Data provided ->
════
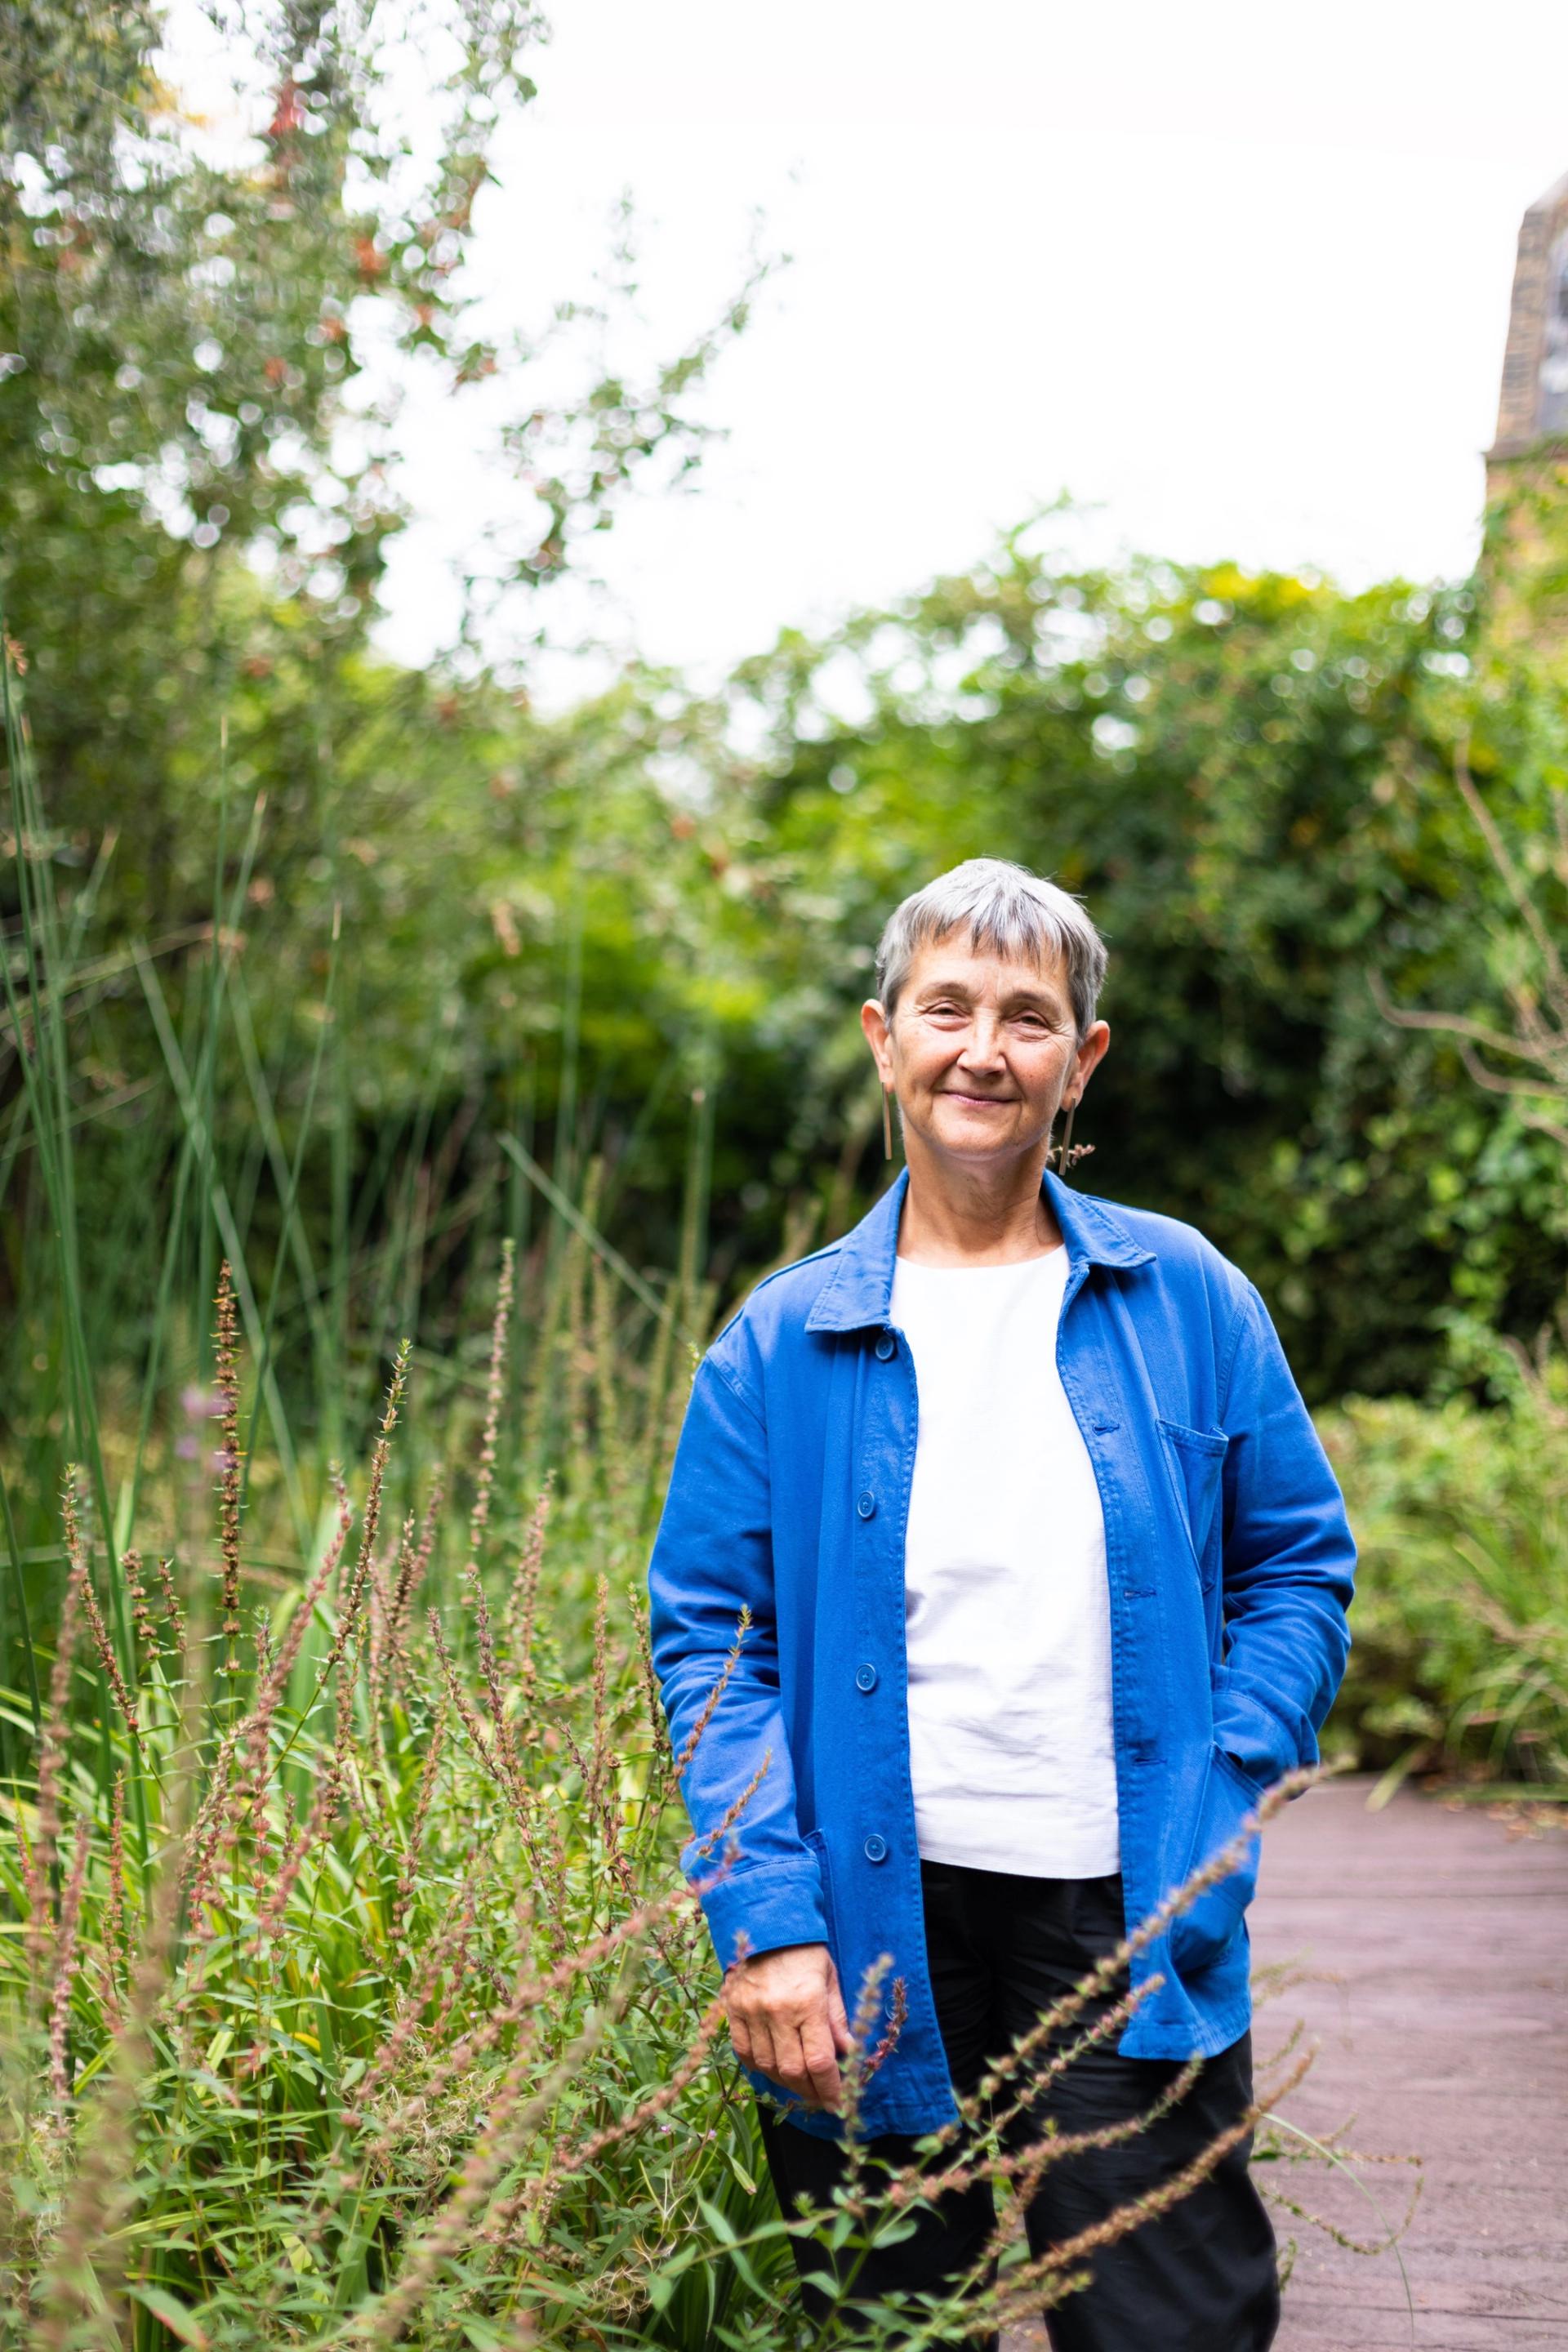 Frances Morris in the Tate Modern Community Garden. 

Photo © Samia Meah
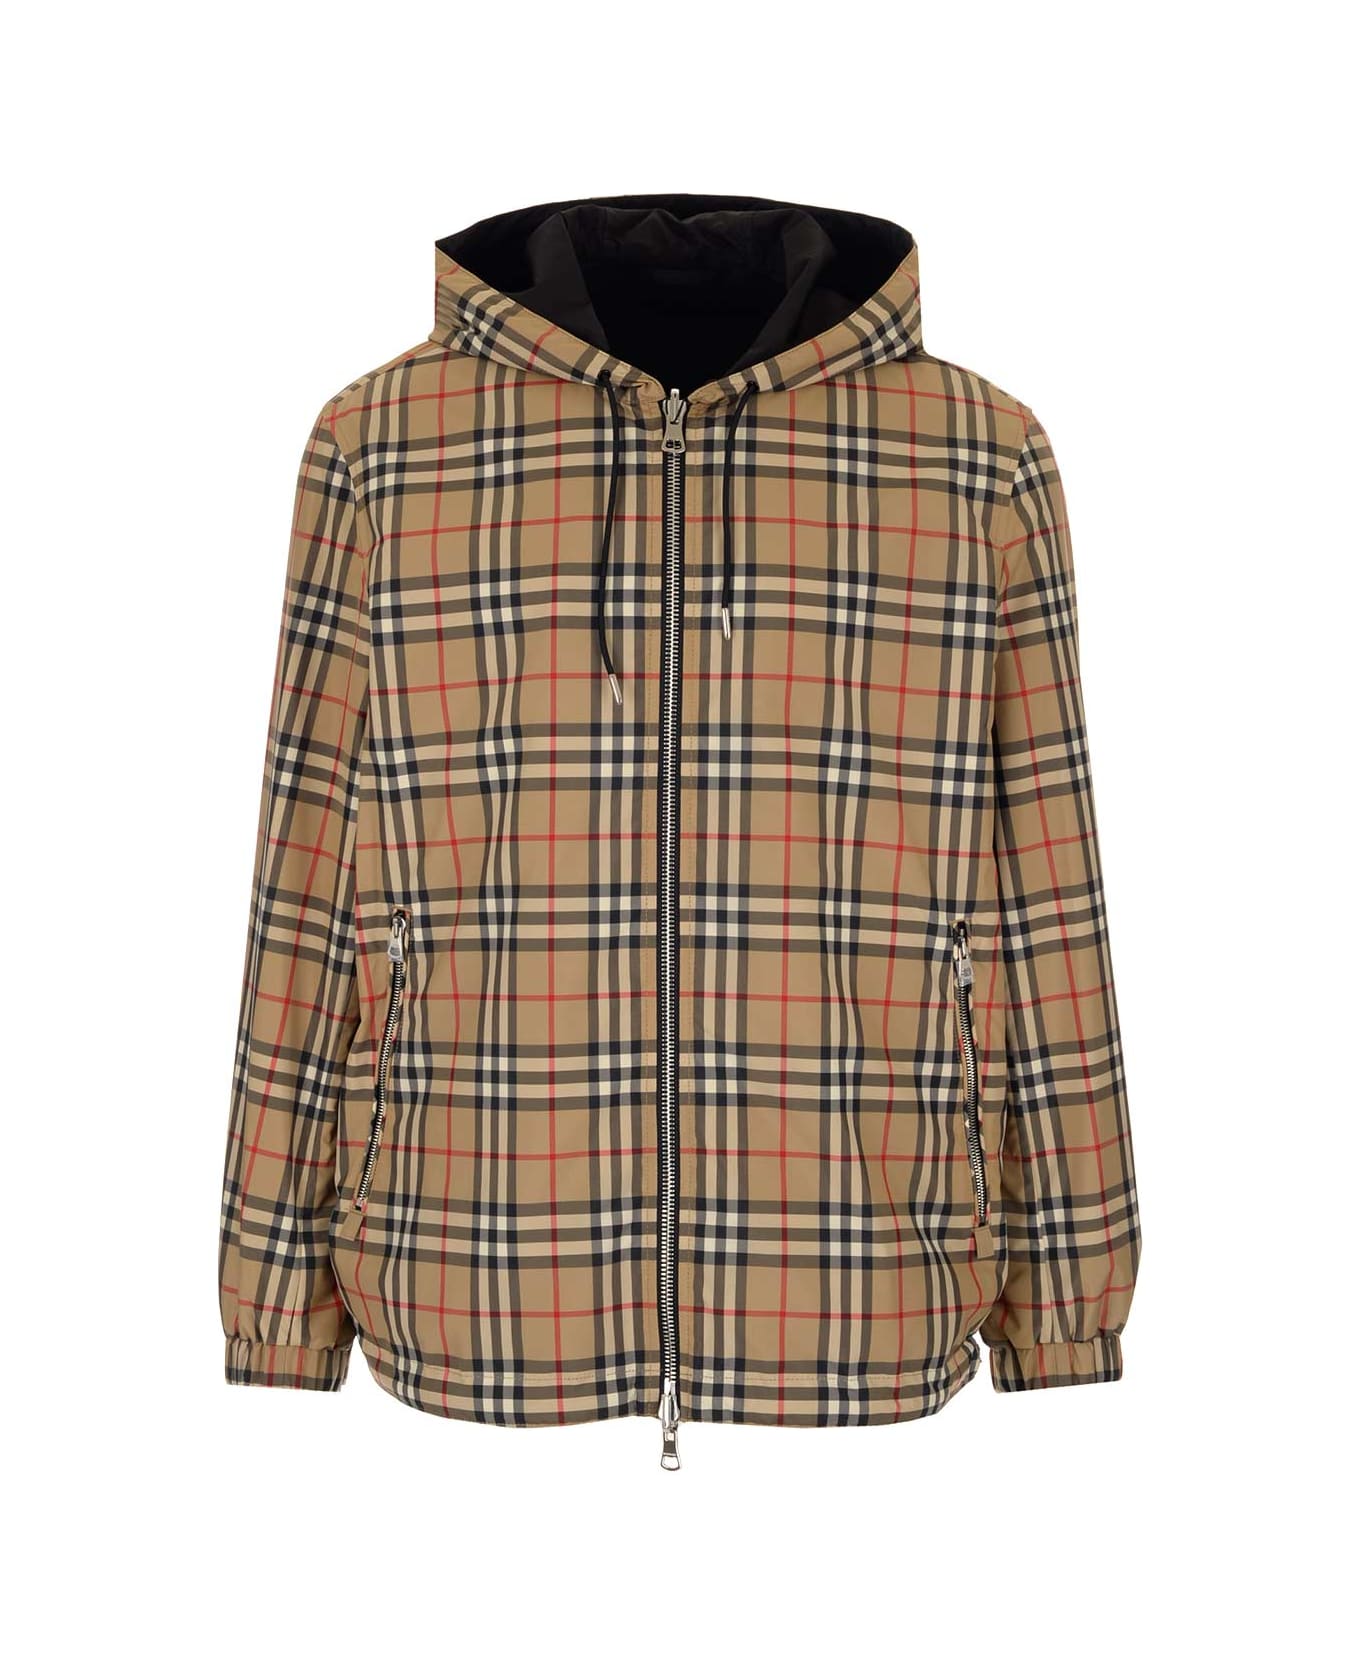 Burberry 'vintage Check' Reversible Jacket - Beige
════
Problem requirements ->
Give the data above again, exactly and completely. No pictures go in.

Reply to the task ->
 Frances Morris in the Tate Modern Community Garden. 

Photo © Samia Meah
 Burberry 'vintage Check' Reversible Jacket - Beige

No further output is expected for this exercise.